AIM OF THE EXERCISE => Reproduce the listing below word for word, with no pictures.

DATA SEGMENT =>
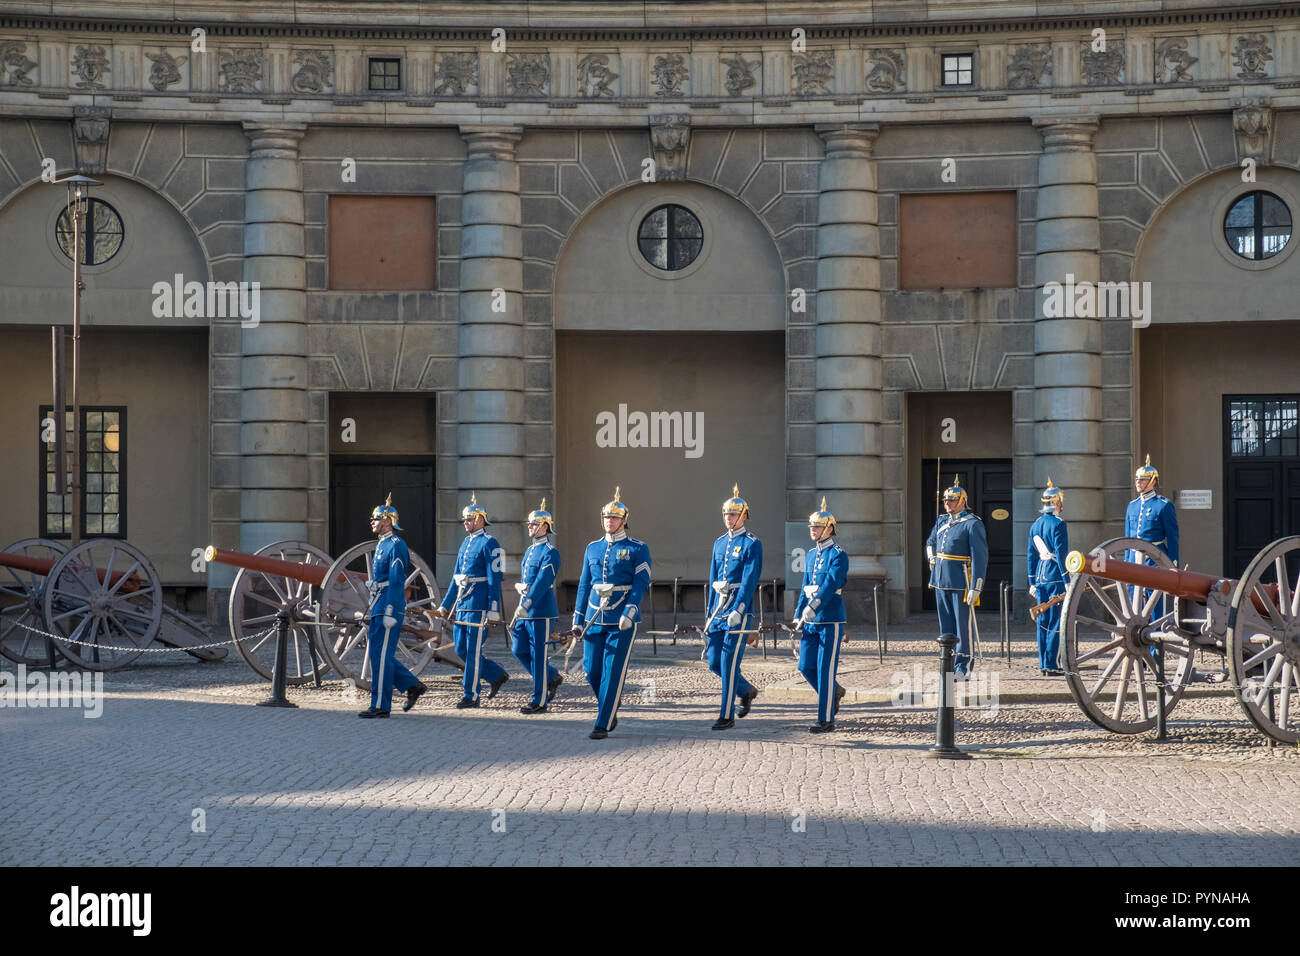 Le protezioni in uniforme cerimoniale eseguire la cerimonia del cambio della guardia, Royal Palace, la Gamla Stan, Stoccolma, Svezia. Foto Stock
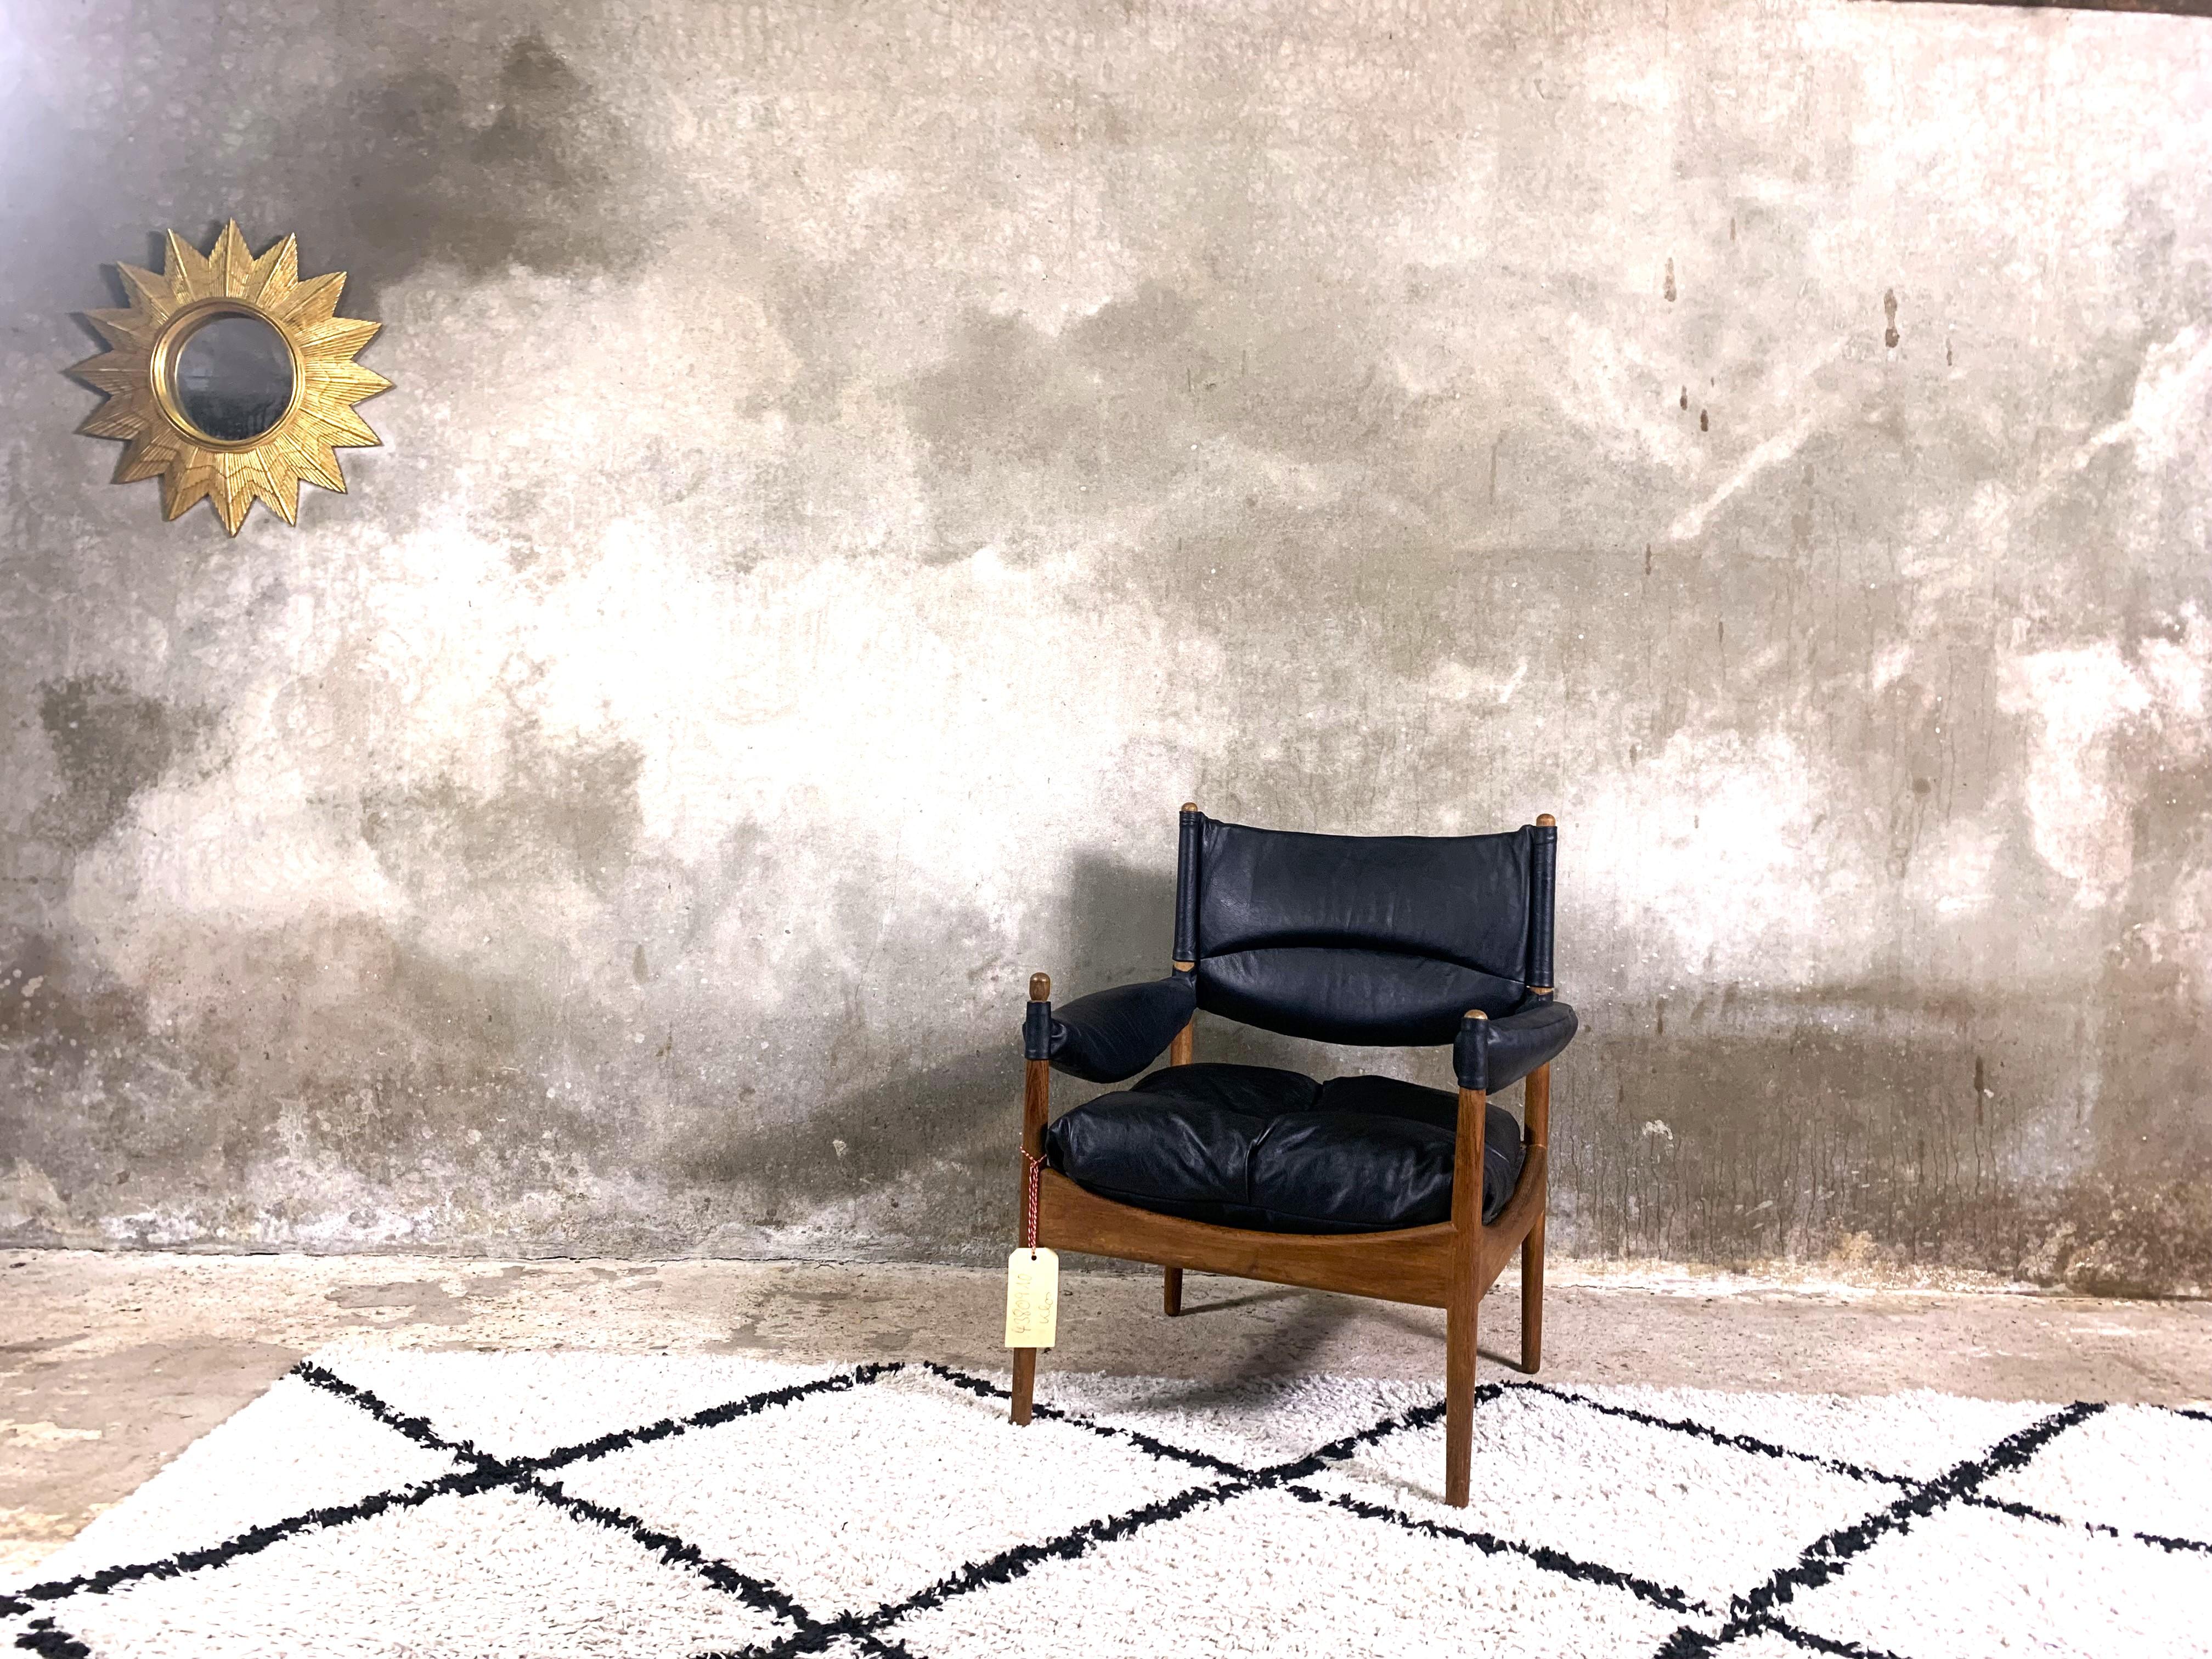 Un beau fauteuil de la série Modus, conçue par Kristian Vedel dans les années 1960. Fabriqué en teck massif. Coussins en cuir naturel et délicat, garnis de plumes d'oie, ce qui rend le fauteuil exceptionnellement confortable. Un merveilleux exemple
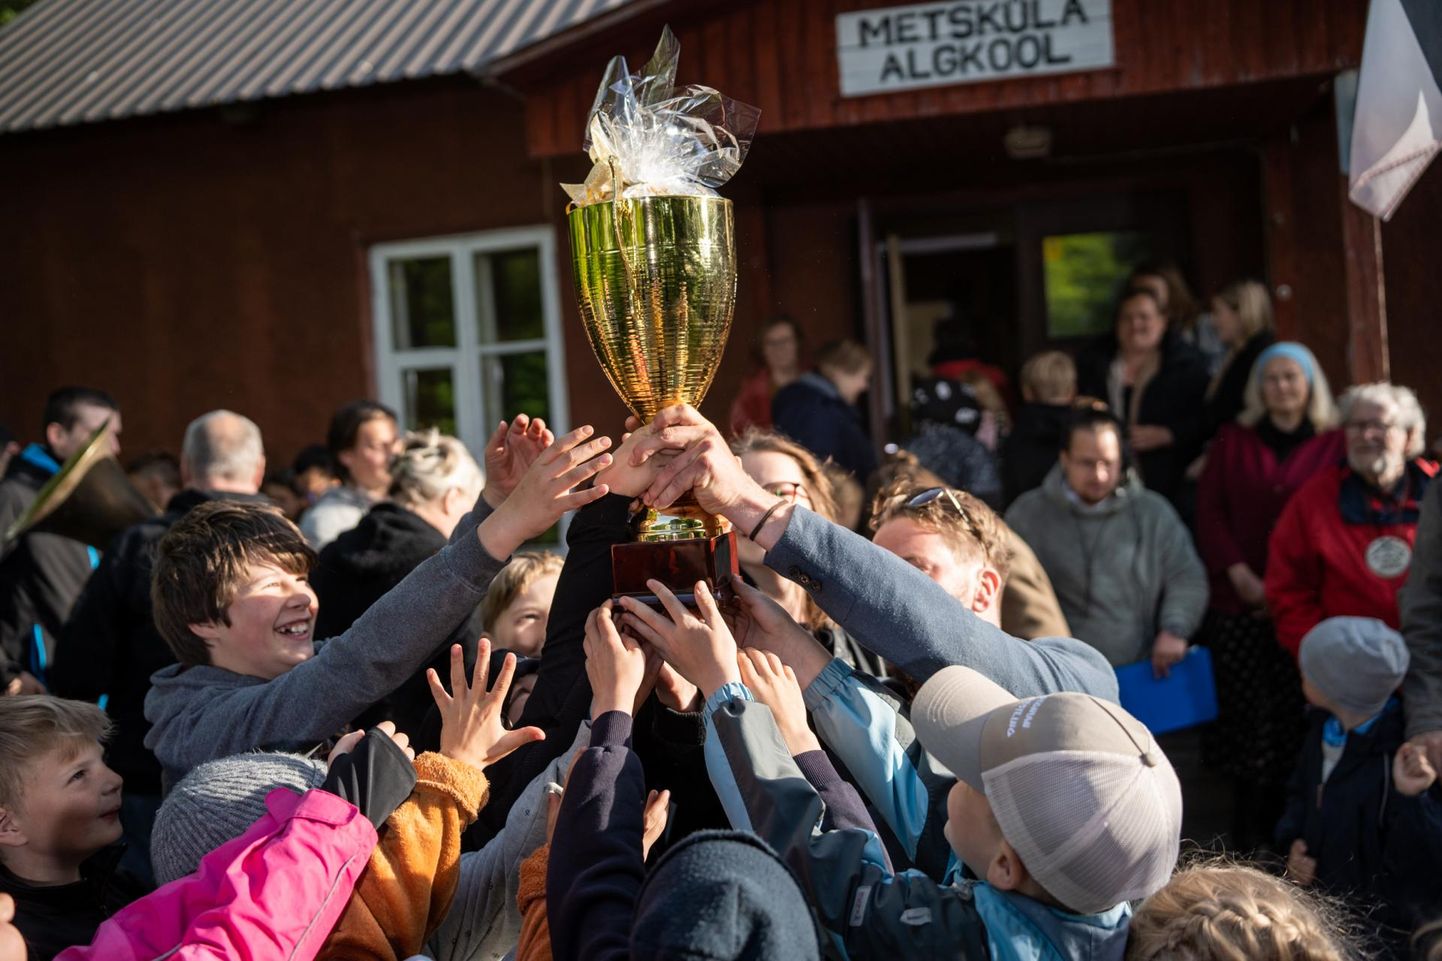 Tänavu juunis sai Metsküla algkool aasta kooli tiitli, kuid paneb praeguse seisuga Lääneranna vallavolikogu otsusel sellest sügisest uksed kinni.

WRITTEN RESPONSE =>
 Le protezioni in uniforme cerimoniale eseguire la cerimonia del cambio della guardia, Royal Palace, la Gamla Stan, Stoccolma, Svezia. Foto Stock
 Un beau fauteuil de la série Modus, conçue par Kristian Vedel dans les années 1960. Fabriqué en teck massif. Coussins en cuir naturel et délicat, garnis de plumes d'oie, ce qui rend le fauteuil exceptionnellement confortable. Un merveilleux exemple
 Tänavu juunis sai Metsküla algkool aasta kooli tiitli, kuid paneb praeguse seisuga Lääneranna vallavolikogu otsusel sellest sügisest uksed kinni.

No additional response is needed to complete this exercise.